By: Edward Miller, Esq.

On August 4th as the bus from Haifa pulled into Shfaram, Israel, army deserter Eden Natan-Zada opened fire and murdered four Israeli Arabs (two Muslim sisters and two Christian men).

Natan-Zada’s goal was to trigger riots in northern Israel to draw the police and army up from Gaza.  The Israeli army braced for riots, diverting hundreds of soldiers from Gaza to the Galilee area.  However, there were no riots,….quite the opposite. 

At the funerals Sheich Raed Salah urged calm.  During the days of mourning traffic clogged the road to Shfraram.  Long lines formed outside the homes of the bereaved.  Among the Muslims, Christians and Druze standing silently waiting their turn to enter and offer condolences, were Israeli Jews from all walks of society.

Dr. Mordechai Kedar, Professor of Arabic at Bar Ilan University, spoke with the family of the murdered sisters, Hazar and Dina Turki.  The devastated parents told him that they understood the murderer was not representative of Israeli society.

Inside of Israel almost all citizens of all religions felt disgust, anger and sadness.  The Israeli army and the mayor of Rishon Lezion refused to have Natan-Zada buried in their cemeteries.  When the mayor was overruled on legal grounds, the neighbors of the cemetery petitioned the High Court of Israel to block the burial of a murderer in their midst. 

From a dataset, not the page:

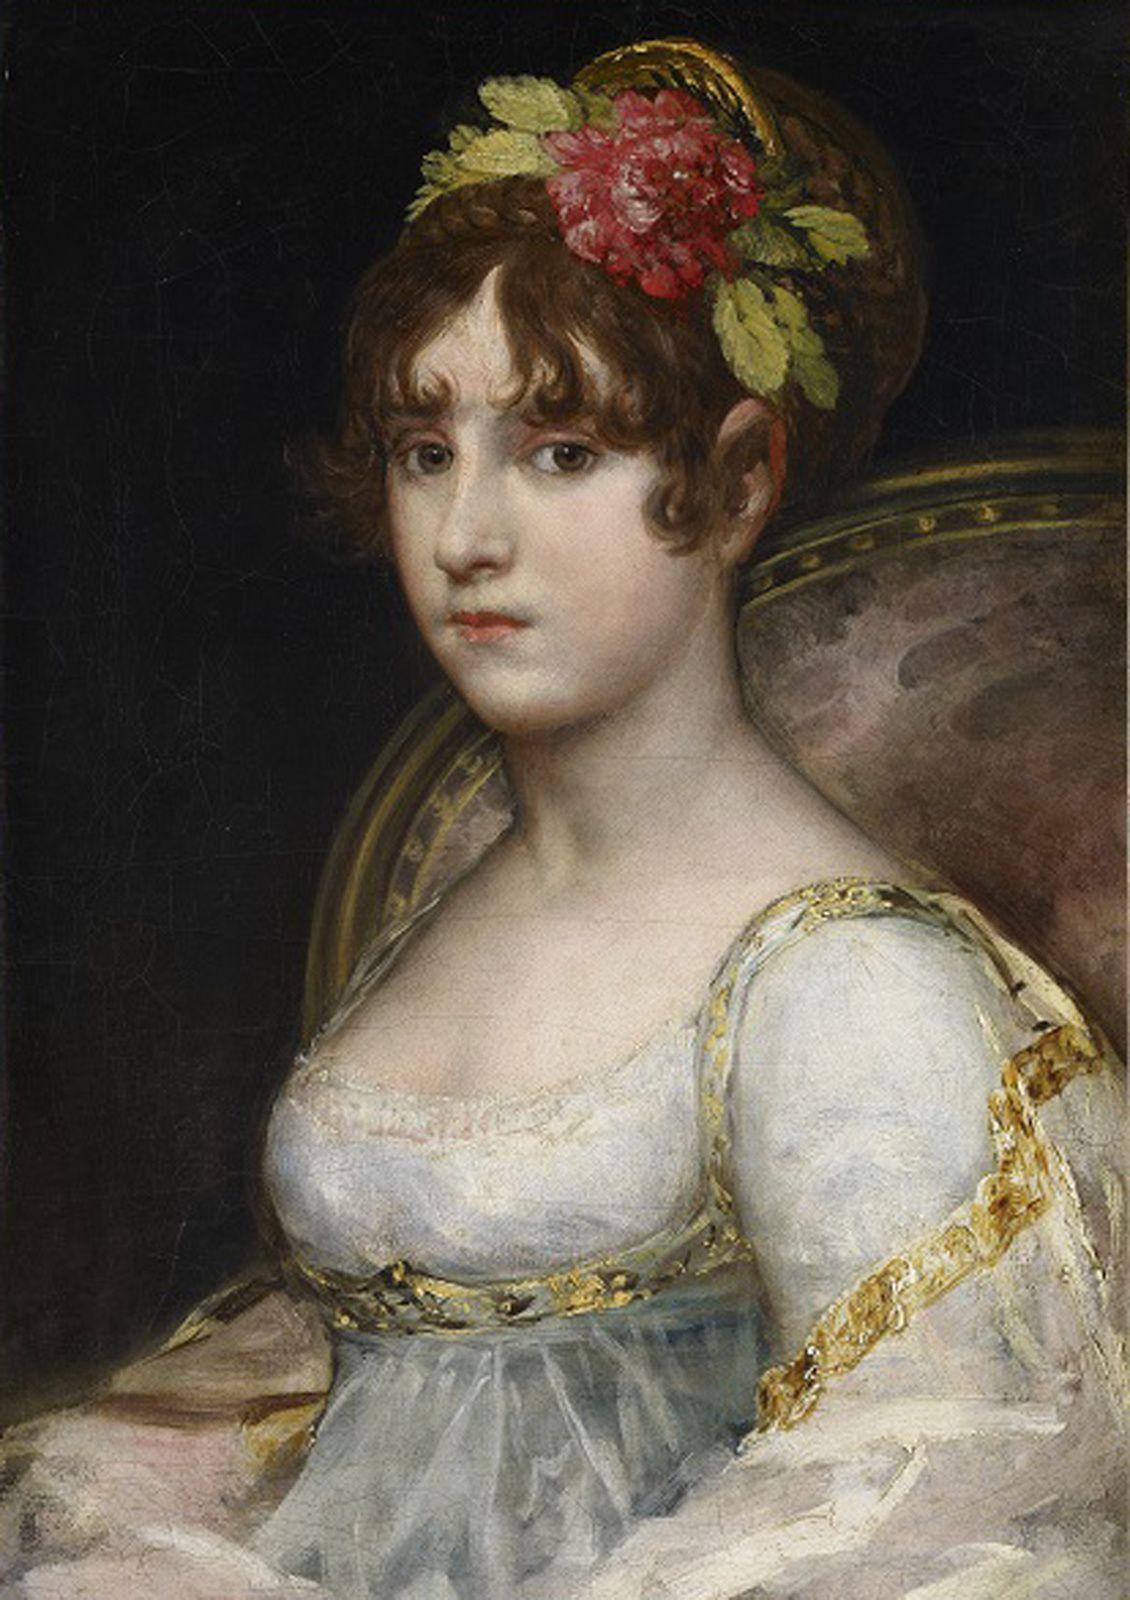 """""""Portrait de la contesse de Haro"""", vers 1802-1803 de Francesco de Goya y Lucientes - Courtesy Collection Alicia KOPLOWITZ - Grupo Omega Capital"""

The Jewish terrorist did not succeed in his goal.  Shfaram’s sorrow was shared by Israeli Arabs and Jews alike.  Rather than inter-communal rioting in Israel, there was communal mourning.

Cruelly, as the days of mourning concluded in Shfaram, settler Asher Weissgan seized a gun from a security guard in Shilo and shot four Palestinian workers dead.  When terrorists strike at a time of political compromise, their strategic purpose is to provoke a violent response from the other side and derail the political process. 

Remember, it was in February, 1994, on the eve of Arafat’s return and the first planned Gaza pull out, that Baruch Goldstein murdered 29 worshippers in Hebron and “succeeded” in fanning the flames of hatred between Arabs and Jews, pushing compromise that much further out of reach.  In this regard, Weissgan seems to have “succeeded” where Natan-Zada “failed,” for after the Shilo killings Hamas vowed revenge, meaning that somewhere in Israel sometime soon, Jews will be killed.  Compromise will be pushed a bit further away.

  Dr. Dirks has written of the “dance” of Bush and Bin Laden in which “each movement of one dancer inevitably reinforces the position of the other.”  So too, Natan-Zada and Weissgan’s logic and language of terror speaks to those on the other side who also believe political compromise must be blocked.

It is a violent dance of those on both sides praying the withdrawal from Gaza will be a prelude to more violence rather than a step towards compromise and political resolution of the conflict,…..those who in their quest for total victory are perfectly willing to open fire on a bus full of people.